Miguel passa fome! Aos prantos, um garoto de 11 anos de idade, ligou para a polícia, no dia 02 de agosto, e pediu socorro: “minha mãe está chorando, e eu estou com fome”! Segundo noticiado, achando tratar-se de maus tratos, a polícia foi verificar e certificou a veracidade do dramático apelo. No barraco onde Miguel mora, naquela manhã, na cidade de Belo Horizonte, havia somente fubá e farinha! É a desumana realidade de milhões de brasileiros que, cronicamente, sofrem de insegurança alimentar. Curioso, articulistas e jornalistas nem usam mais o verbete fome. Preferem o eufemismo “insegurança alimentar”, quiçá para suavizar a imoral falta de sensibilidade. Sim, é inadmissível aviltamento, num país que se ufana ser celeiro do mundo, que ostenta gordos balanços comerciais advindos da comercialização de grãos, contabilizar milhões de famílias, crianças inclusive, passando fome – ops, desculpem, sofrendo de insegurança alimentar!
É sabido que a alimentação, saudável e adequada, nos primeiros anos de vida impacta no desenvolvimento da pessoa, tanto no condicionamento físico, como na capacitação cognitiva. Criança com fome não consegue prestar atenção, encontra dificuldade para memorizar, fica lerda na leitura. De acordo com estatísticas oficiais, apenas 26% das crianças entre 2 anos e 9 anos, no Brasil, têm acesso a três refeições por dia. Situação calamitosa com previsíveis impactos trágicos para o futuro. Com fome, criança não consegue estudar, não evolui intelectualmente. Vê-se obrigada a trabalhar, ou a mendigar, na tentativa de conseguir alguns adicionais trocados para mitigar a assombração da fome. Sem educação, não somente o futuro da criança fica prejudicado, como também, por óbvio, o sustentável progresso do país. A insuficiência alimentar provoca efeito cascata nas diversas camadas sociais e agrupamentos coletivos do país. Emerge natural conclusão, a fome das crianças não pode causar angústia somente nos pais, mas é ingente desafio para a nação inteira.
Sobre os governos, nos diferentes níveis de administração, recai a gravíssima responsabilidade de enfrentar o flagelo. Vale prestar atenção, na atual campanha política, quem dos candidatos, tanto para o executivo como para o legislativo, mostra-se genuinamente empenhado em resolver de forma consistente a cruel situação da fome. Sabe-se que as medidas emergenciais, de pontual alívio, certamente, servem, todavia e muitas vezes, como palanque eleitoral, sujeitos, inclusive, a desvios e manipulações. Candidatos que ignoram, ou pior, que se aproveitam deste gravíssimo suplício não merecem ser sufragados.

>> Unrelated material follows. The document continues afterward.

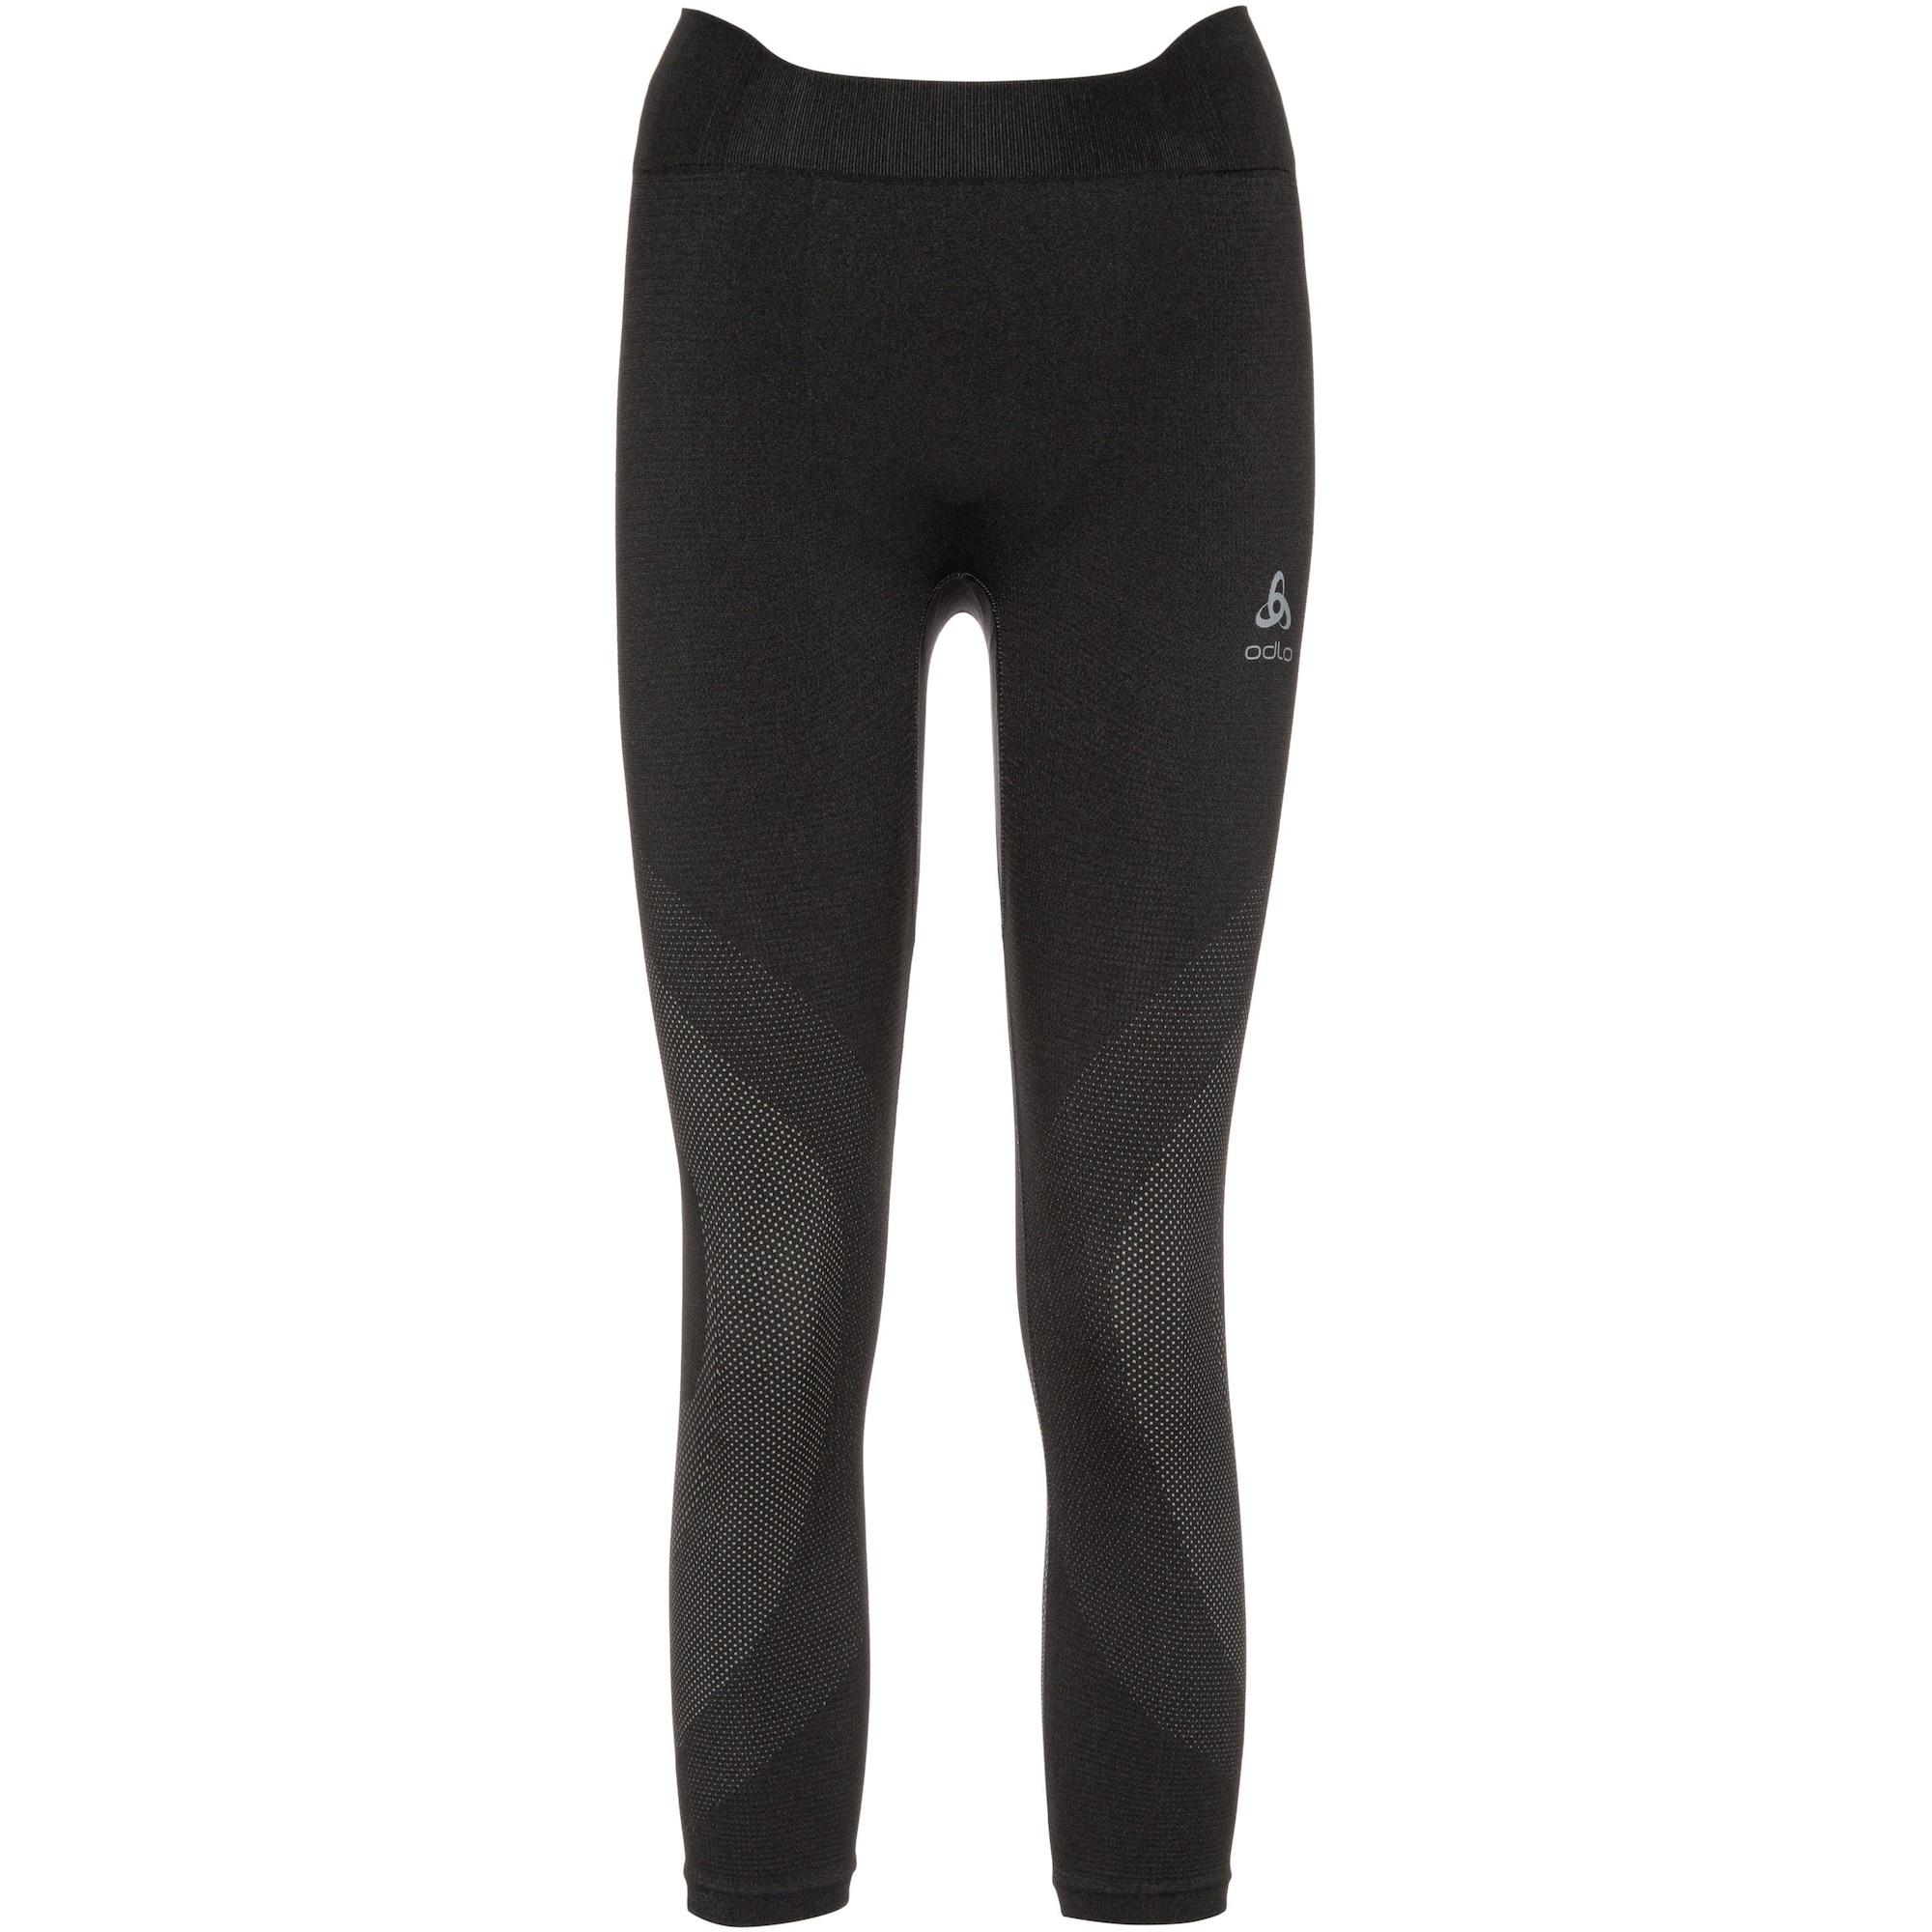 Funktionsunterhose | Sportbekleidung > Funktionswäsche | ODLO
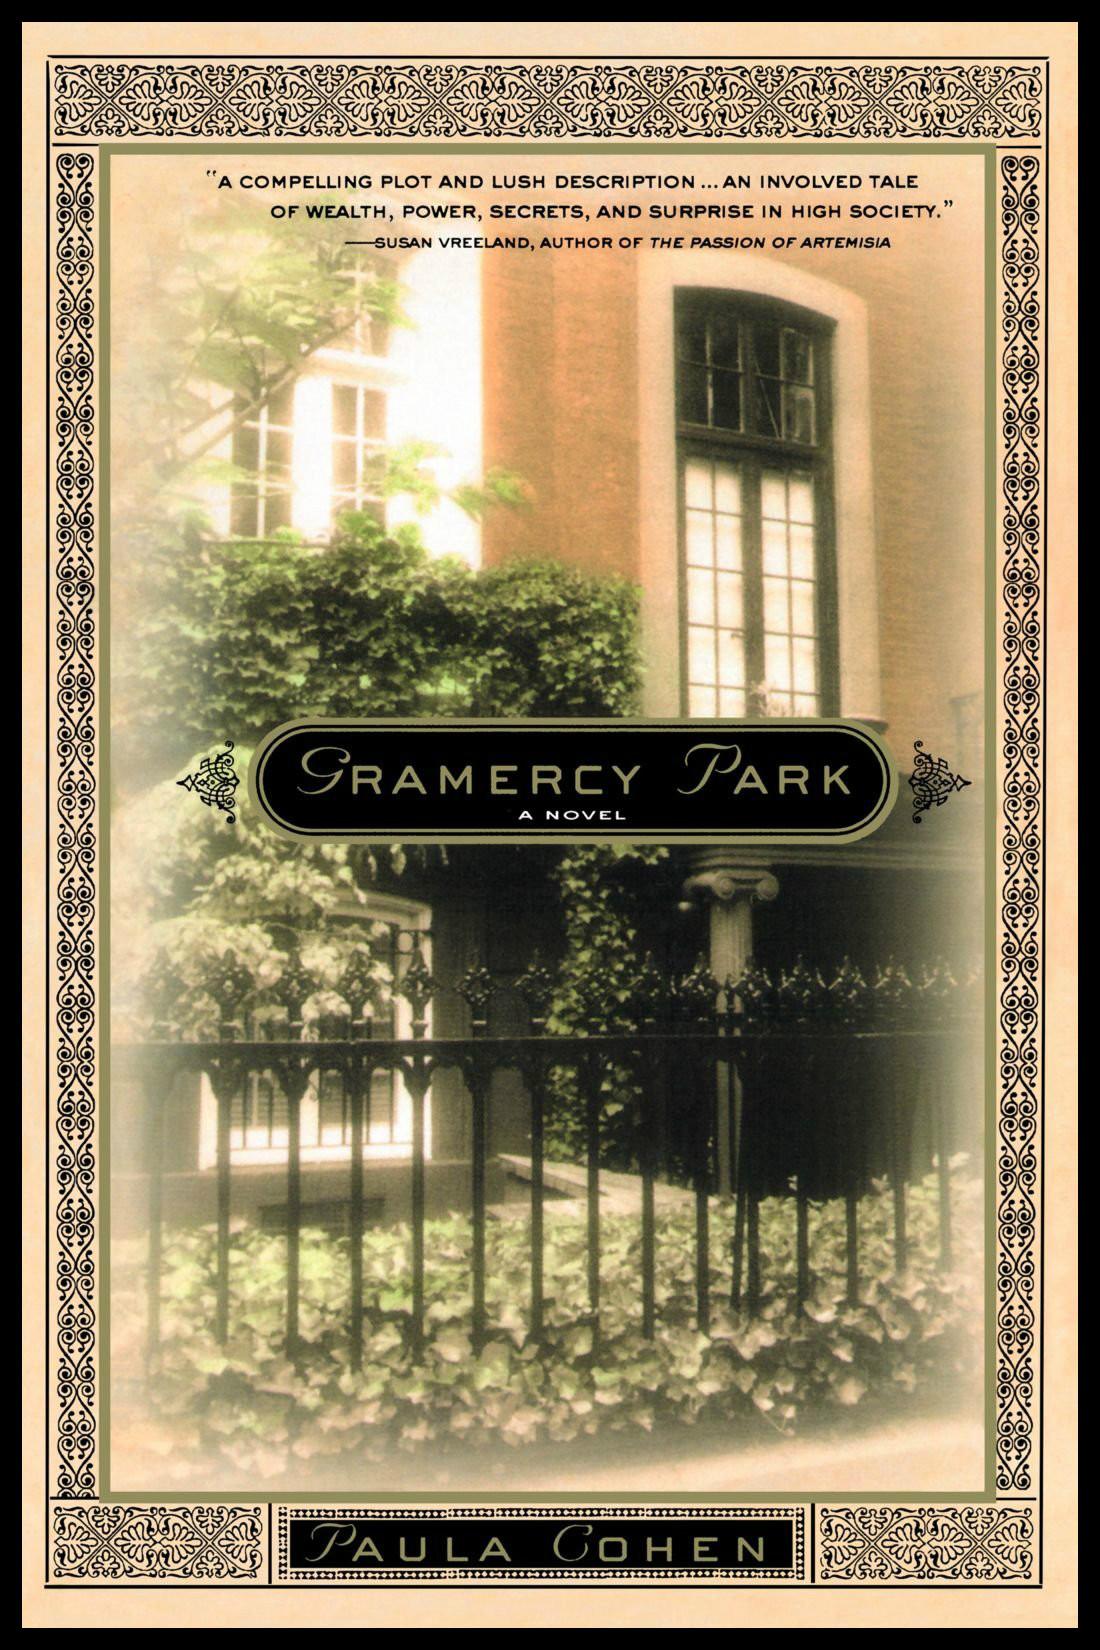 Gramercy_park

A insegurança alimentar, contudo, não é somente questão ética. É assunto moral. O cidadão, particularmente o cristão, é convocado, em razão do seu batismo, a tomar posição diante do desumano sofrimento. Reconhece-se a mobilização de muitas comunidades em ingentes mutirões de solidariedade. Toneladas de alimentos são regularmente arrecadadas e distribuídas entre famílias carentes. Lamenta-se, porém, o persistente modelo de estruturas sociais injustas e excludentes, origem crônica de tamanha miséria. A insuficiência alimentar se enquadra perfeitamente no que se costuma definir como “pecado social”, culpa coletiva pela ação ou pela omissão. A produção local de alimentos deve destinar-se prioritariamente para nutrir nativos. Colocar o lucro como referência prioritária no quesito alimento é desumano! É imoral! Compreende-se, o assunto é complexo. Demanda diversas abordagens. Justificar, ou mesmo resignar-se passivamente, à lógica do mercado, porém, é tornar-se cumplice de um sistema iníquo e perverso. Peca-se também por omissão!
A fome de milhões de “migueis” brada aos céus! Ética e moralmente imputável é a fome! Indispensável é continuar com os mutirões solidários! Urge, todavia, paralelo empenho cívico e político para reformar injustas estruturas e humanizar excludentes mercados! Deplorável vergonha é a fome!